Re: Proposal: Enable threads by default



On 12/06/2009 10:05 AM, Adam Goode wrote:
> I guess what I really would like is a way that I can use GLib privately
> from my library and have it be thread-safe without requiring users of my
> library have to link against gthread and call g_thread_init. I think it
> is primarily just GSlice that is the trouble here

Currently, everything in libglib (including GSlice) can deal with you
calling g_thread_init() at any time, although the documentation pretty
much explicitly claims otherwise. Maybe we should change the rules
around g_thread_init as part of this:

    1) If you want to call g_mem_set_vtable(), it must be the very first
       glib call in the program. (This rule already exists, although
       the current g_thread_init() docs contradict it.)

    2) If you want to call g_thread_init() *with a non-NULL parameter*,
       you have to call it before any other glib method except
       g_mem_set_vtable(). (This is the current g_thread_init rule,
       weakened to only apply to the uncommon case.)

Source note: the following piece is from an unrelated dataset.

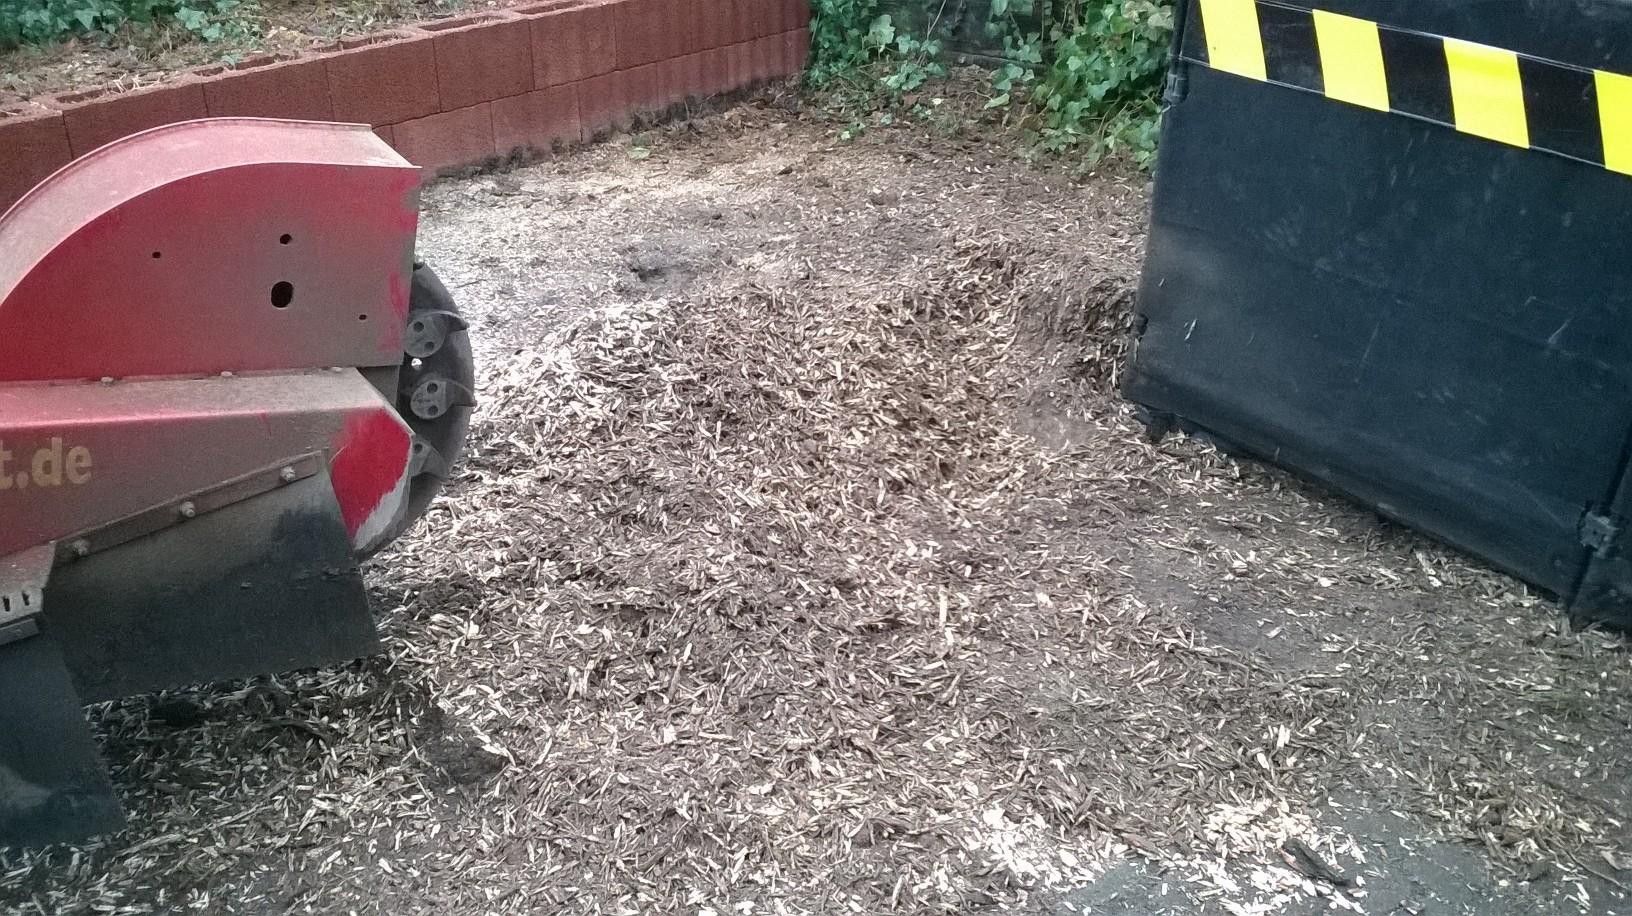 Frässpäne können zum Mulchen verwendet werden.

    3) You can call g_thread_init(NULL) at any time, and everything in
       libglib will deal with it. (Already true, but undocumented.)
       Libraries at higher levels of the stack might not work correctly
       though if you call g_thread_init() after calling into that
       library. (Already true and documented.)

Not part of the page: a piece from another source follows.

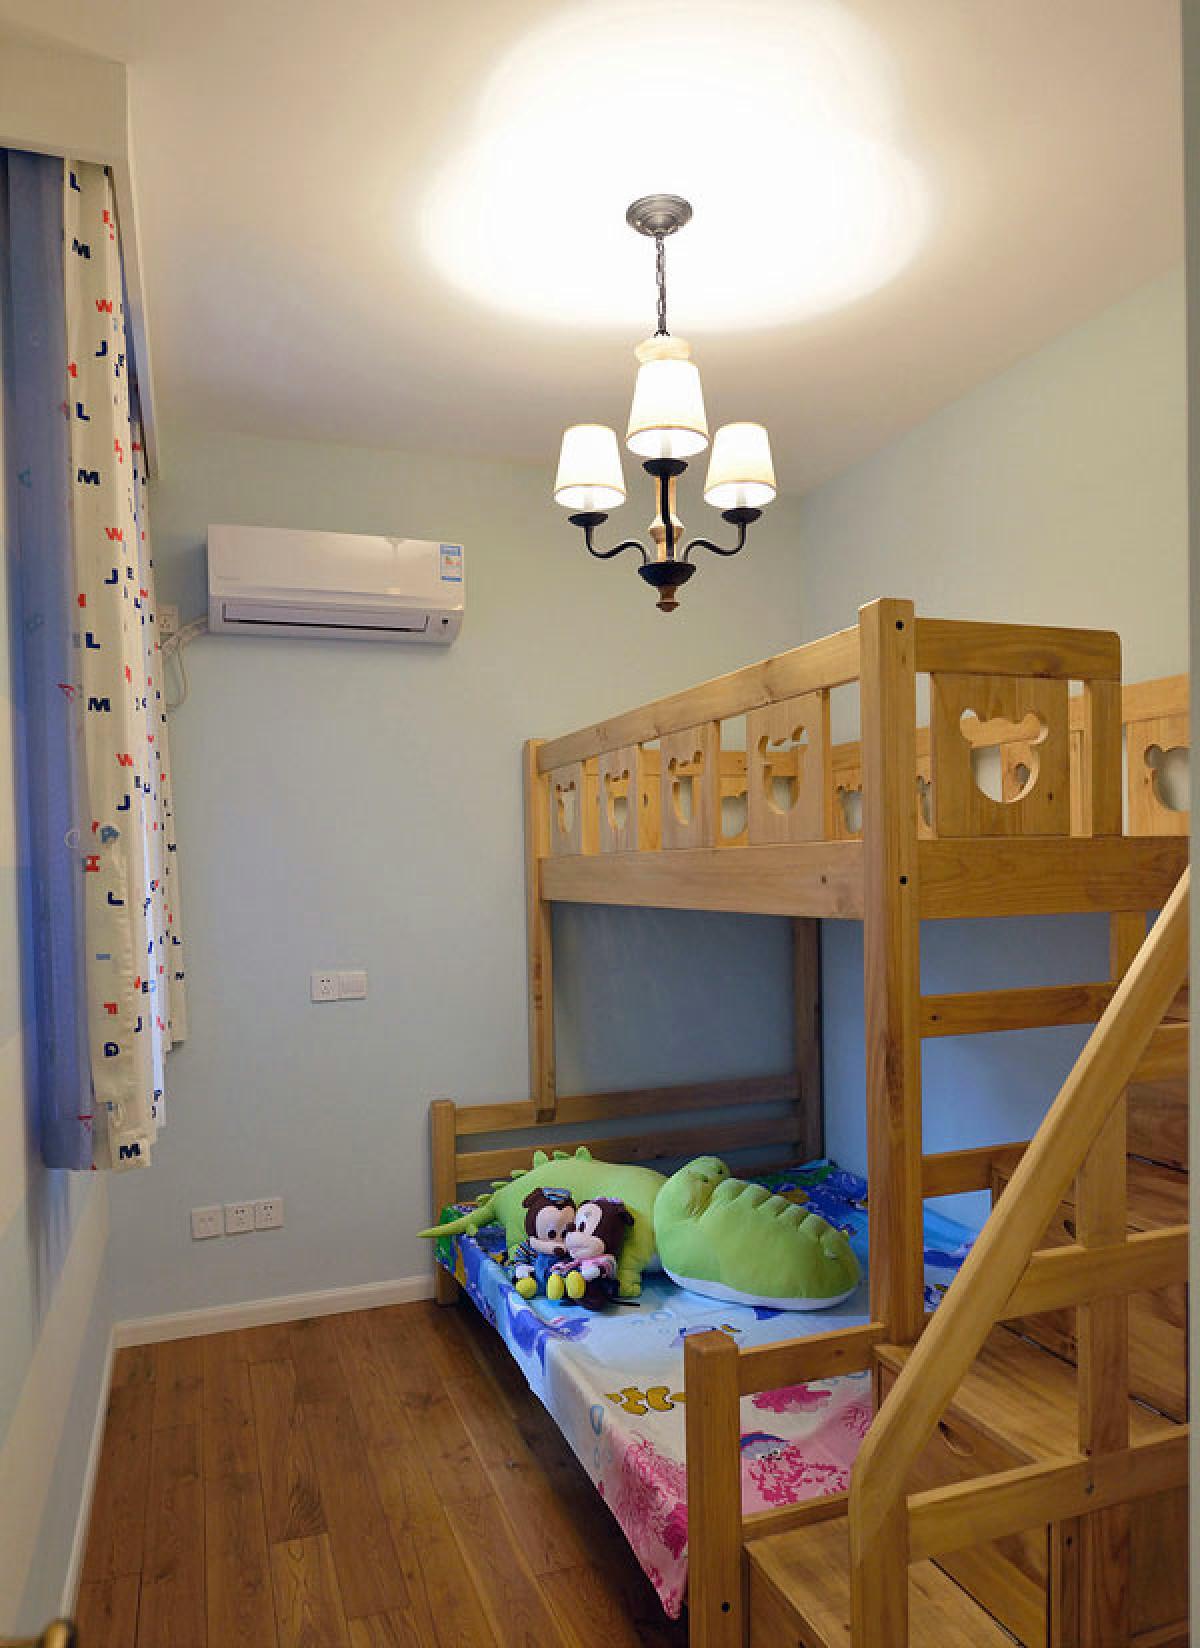 儿童房 设计里儿童房,再也不用为以后有了小孩怎么装修房间而烦恼了。

    4) Calling g_thread_init(NULL) after g_thread_init() has already
       been called once (with a NULL or non-NULL param) is a no-op.
       (We don't actually want this rule, but it avoids problems with
       apps that were mistakenly calling g_thread_init() after
       g_type_init() before.)

    5) g_type_init() calls g_thread_init(NULL)

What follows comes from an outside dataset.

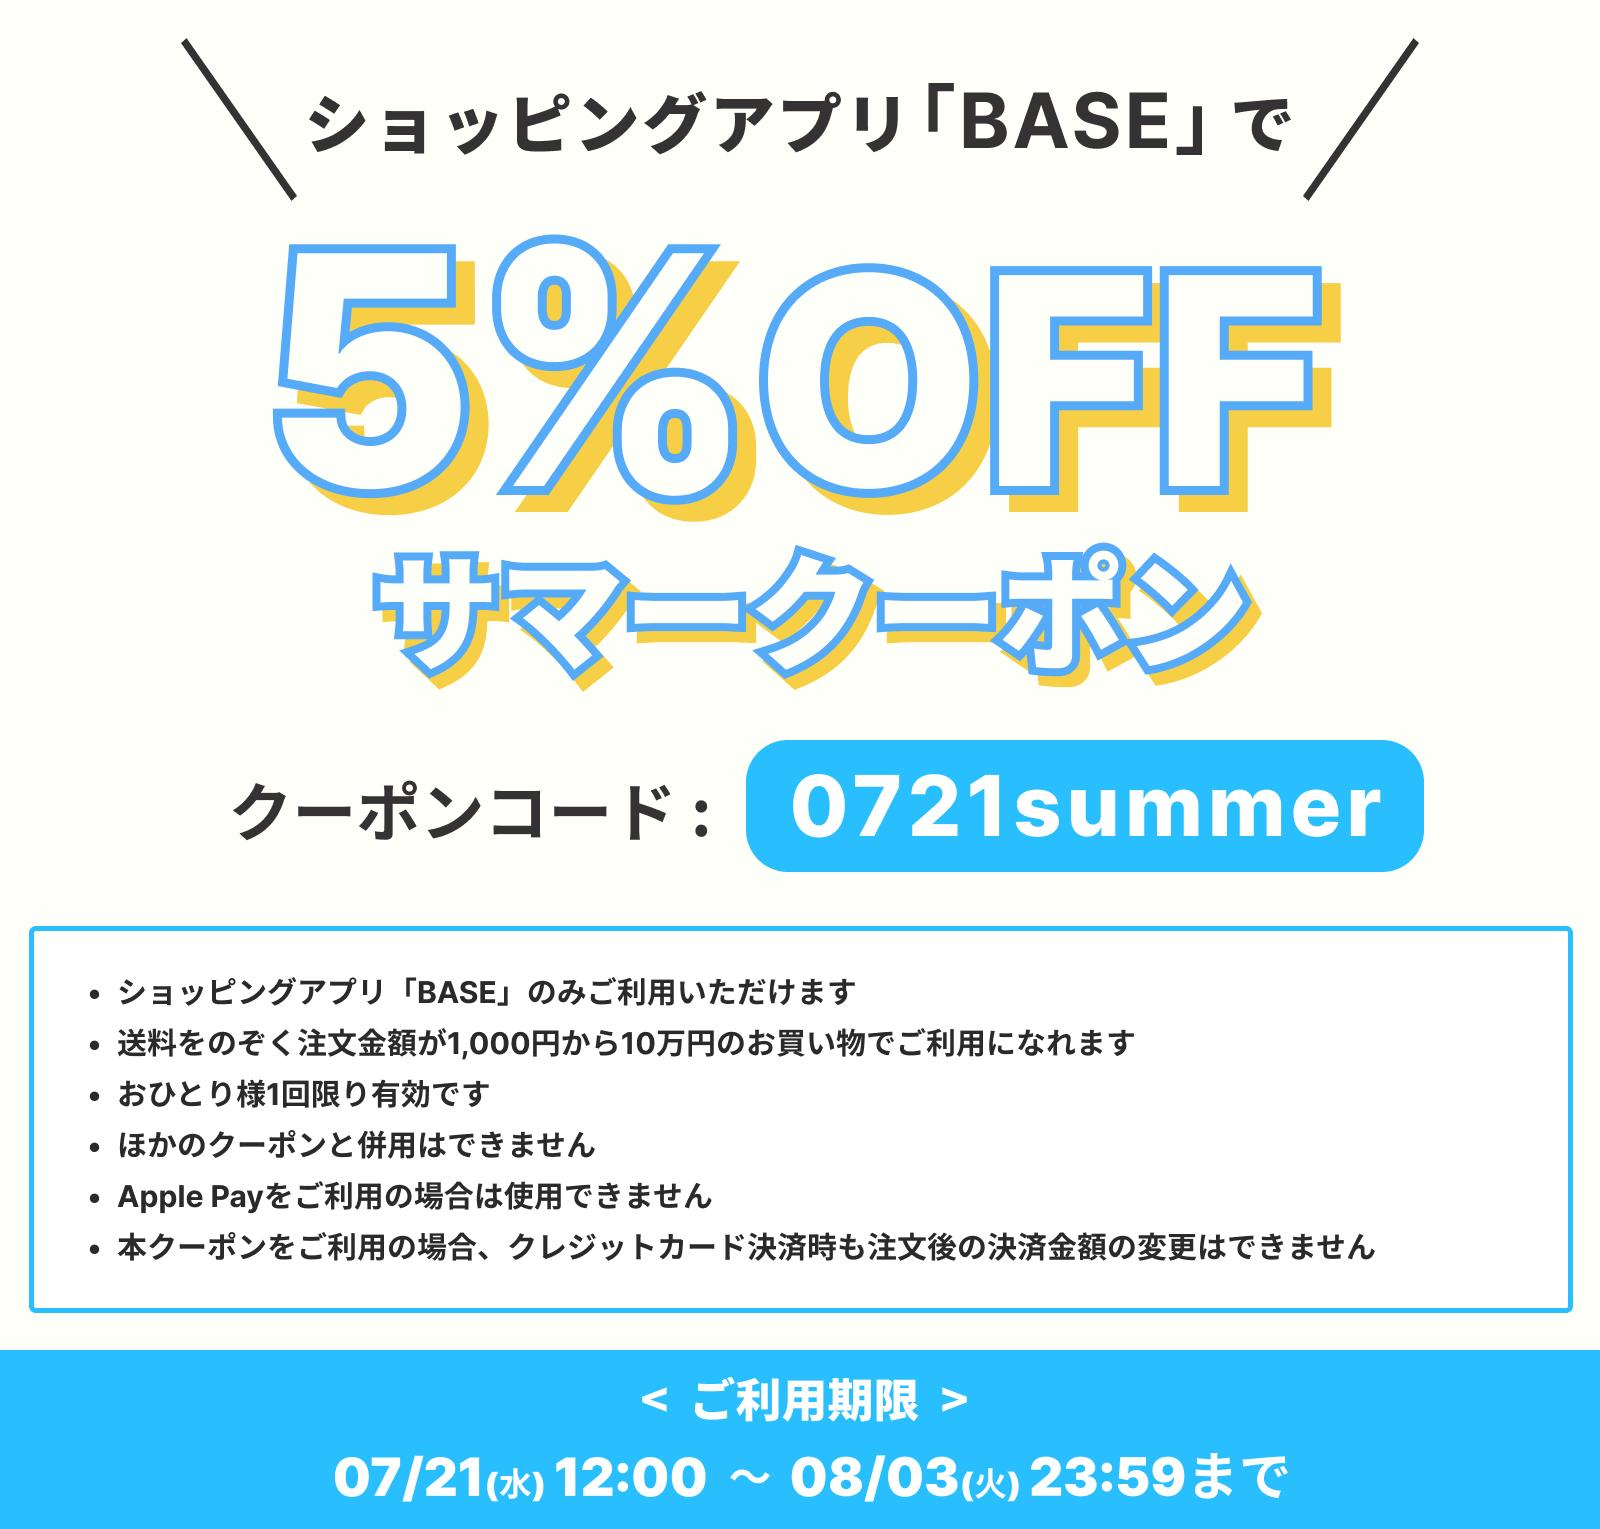 5%OFF サマークーポンのご案内【8月3日までご利用可能】

> I guess what I really would like is a way that I can use GLib privately
> from my library and have it be thread-safe without requiring users of my
> library have to link against gthread and call g_thread_init. I think it
> is primarily just GSlice that is the trouble here: I'm only using a few
> bits of GLib: GList and GHashtable, and they call into GSlice that is
> not-threadsafe until g_thread_init is called. (I'm currently using
> GThread a bit, but I can replace that with pthread and use the Win32
> pthread implementation for Windows.

If you want to call into glib from multiple threads, then someone has to
call g_thread_init() (and glib and the main program have to be using the
same thread library obviously). Don't worry about implementation details
like GSlice, because those details might change in the future. The only
thing you need to worry about is, if you're calling glib from multiple
threads, you need to call g_thread_init().